**What is expected**
Before returning the data, strip out the pictures and keep everything else exactly the same.

**Information provided**
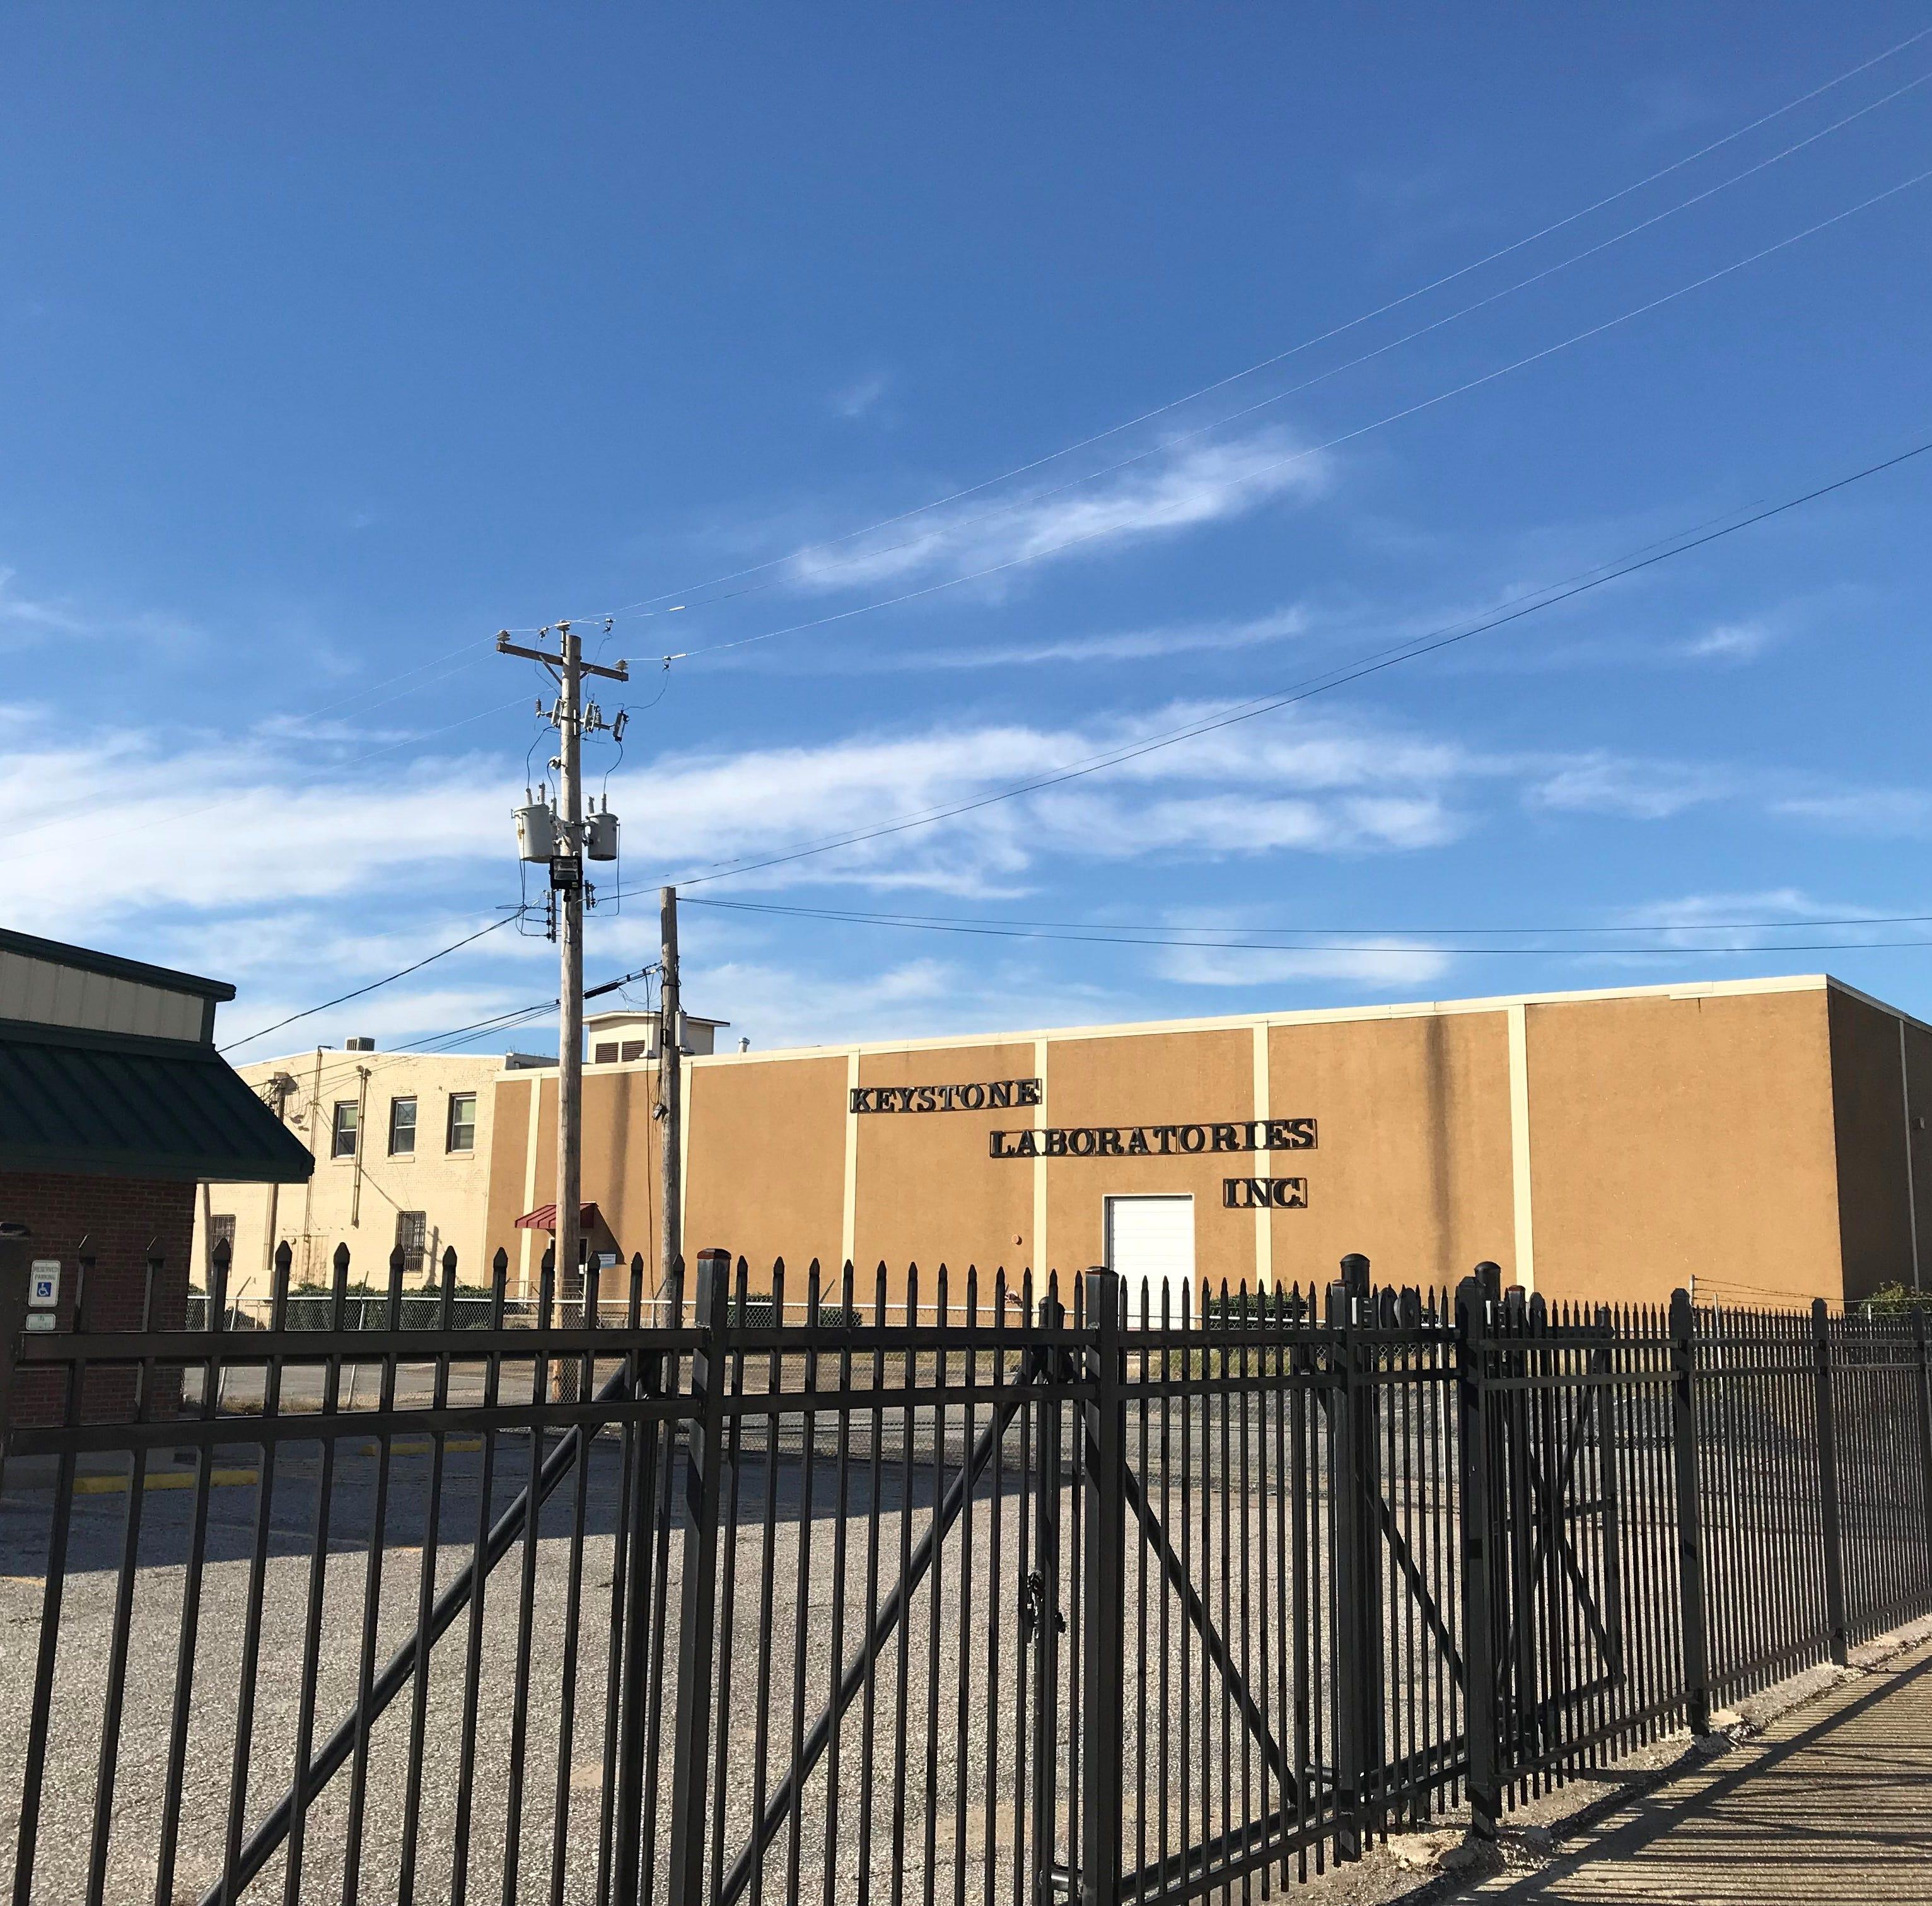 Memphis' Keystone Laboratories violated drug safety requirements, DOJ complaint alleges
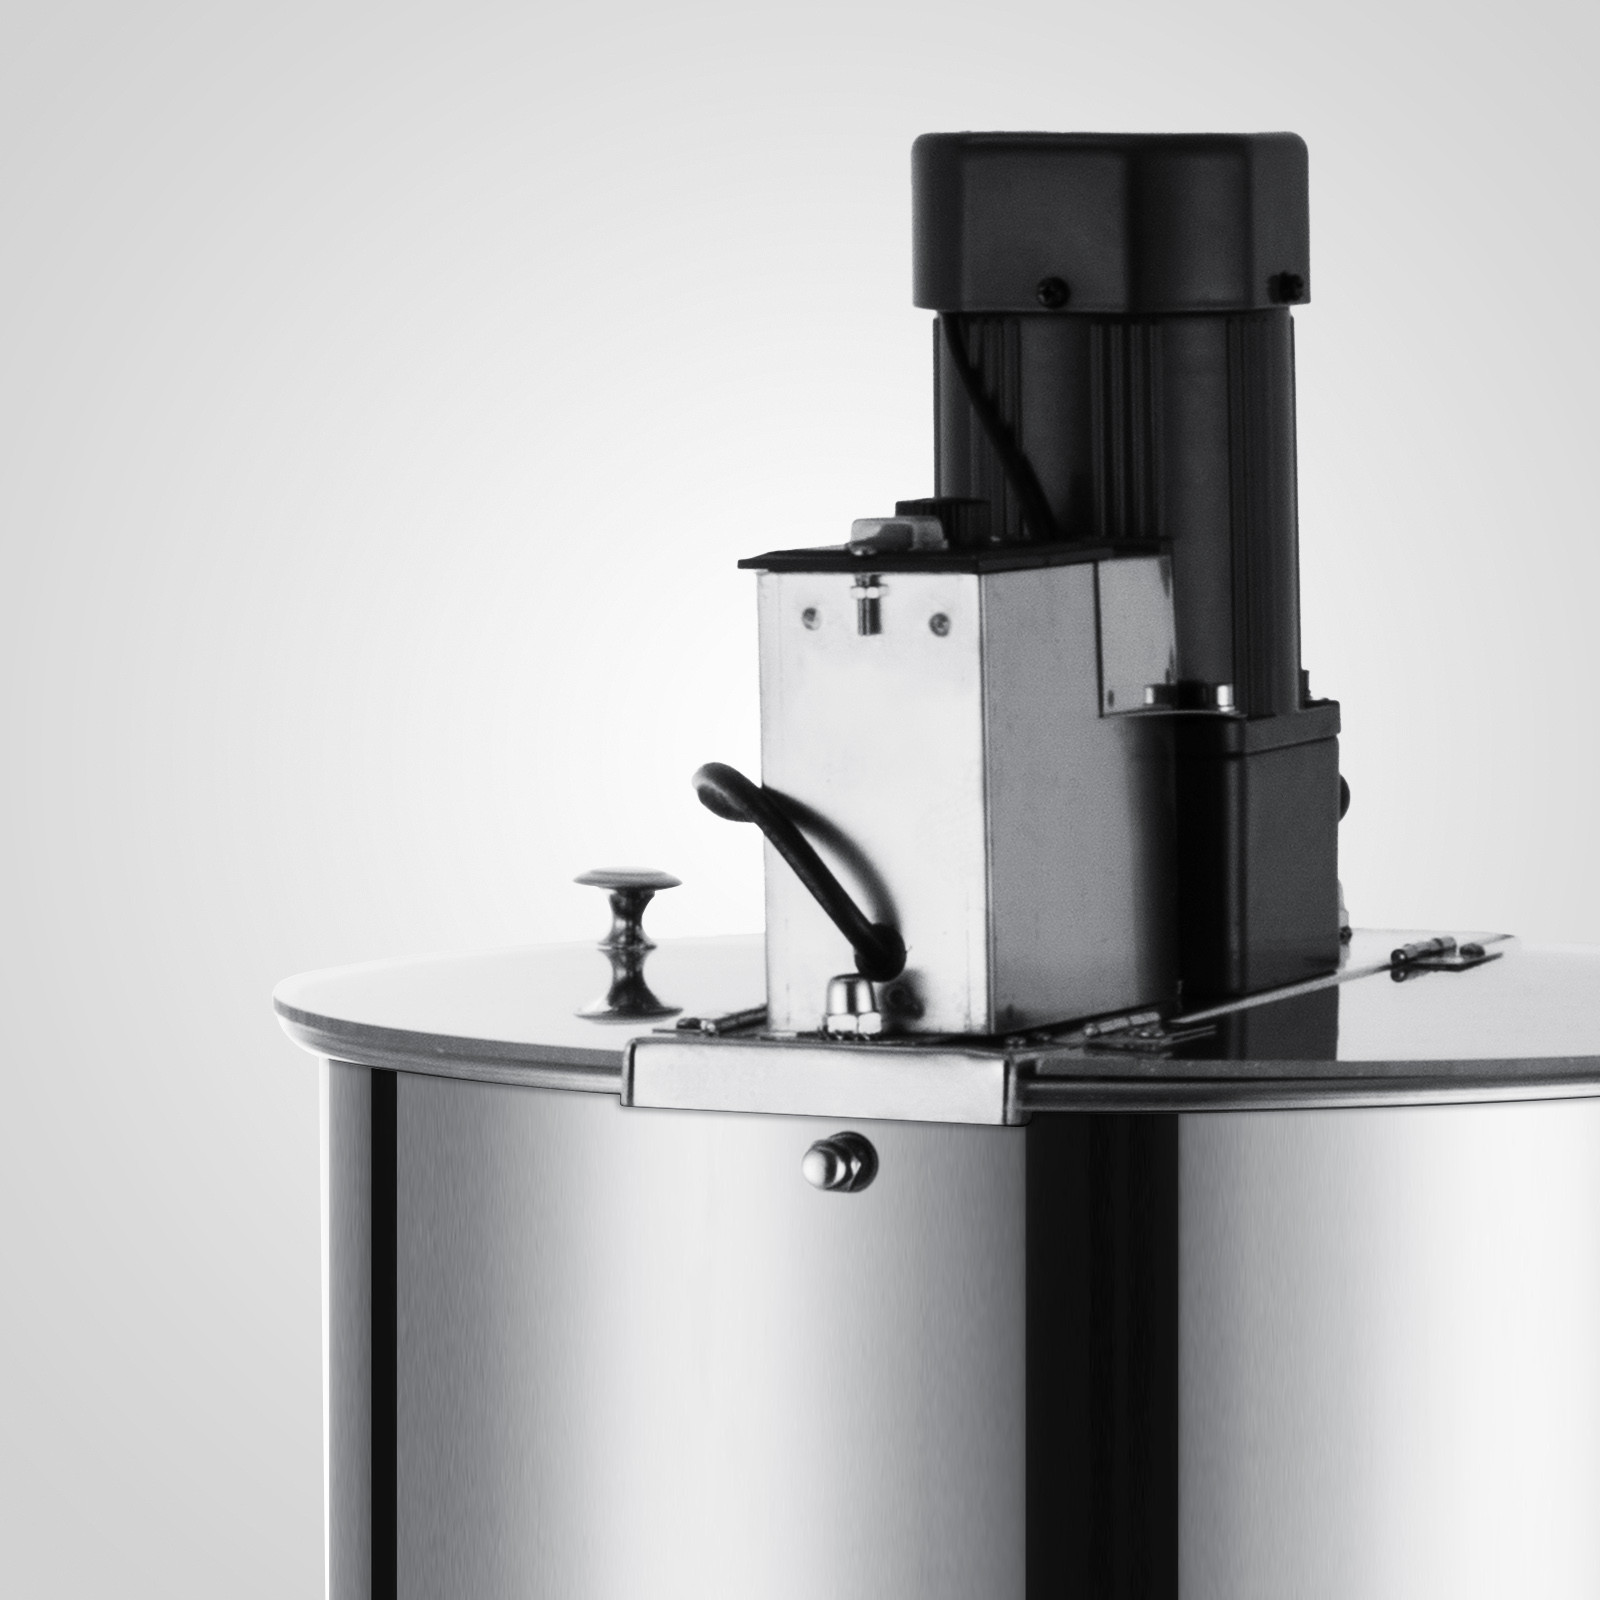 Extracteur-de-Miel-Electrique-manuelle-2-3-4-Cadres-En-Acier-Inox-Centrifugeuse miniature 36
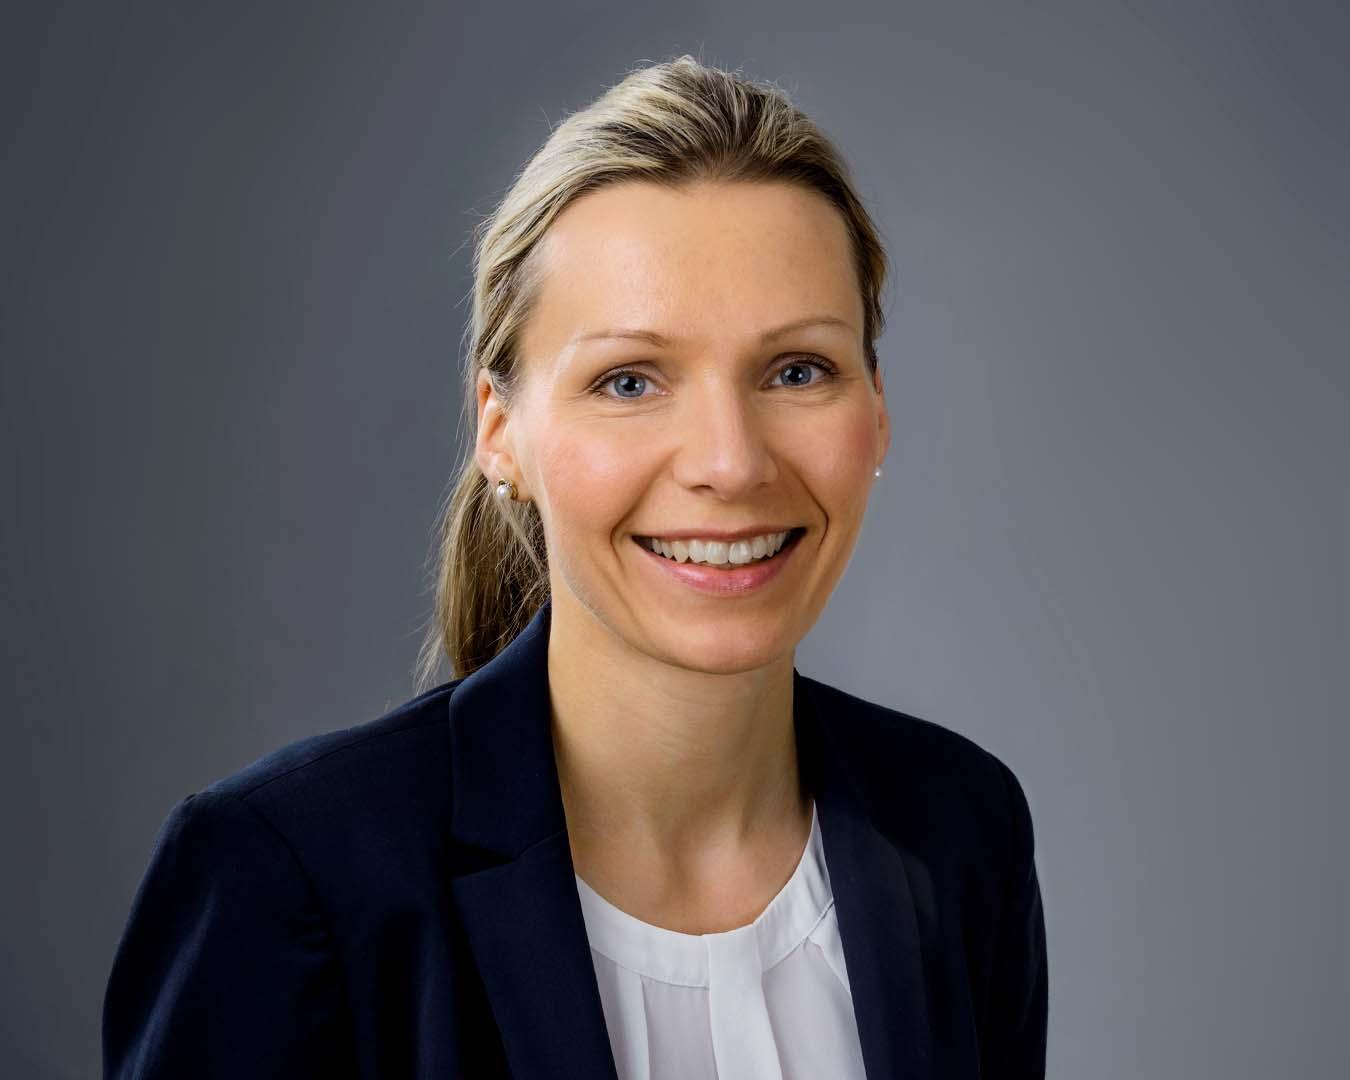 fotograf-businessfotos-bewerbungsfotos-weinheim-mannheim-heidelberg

**Result for this task**
 Memphis' Keystone Laboratories violated drug safety requirements, DOJ complaint alleges
 Extracteur-de-Miel-Electrique-manuelle-2-3-4-Cadres-En-Acier-Inox-Centrifugeuse miniature 36
 fotograf-businessfotos-bewerbungsfotos-weinheim-mannheim-heidelberg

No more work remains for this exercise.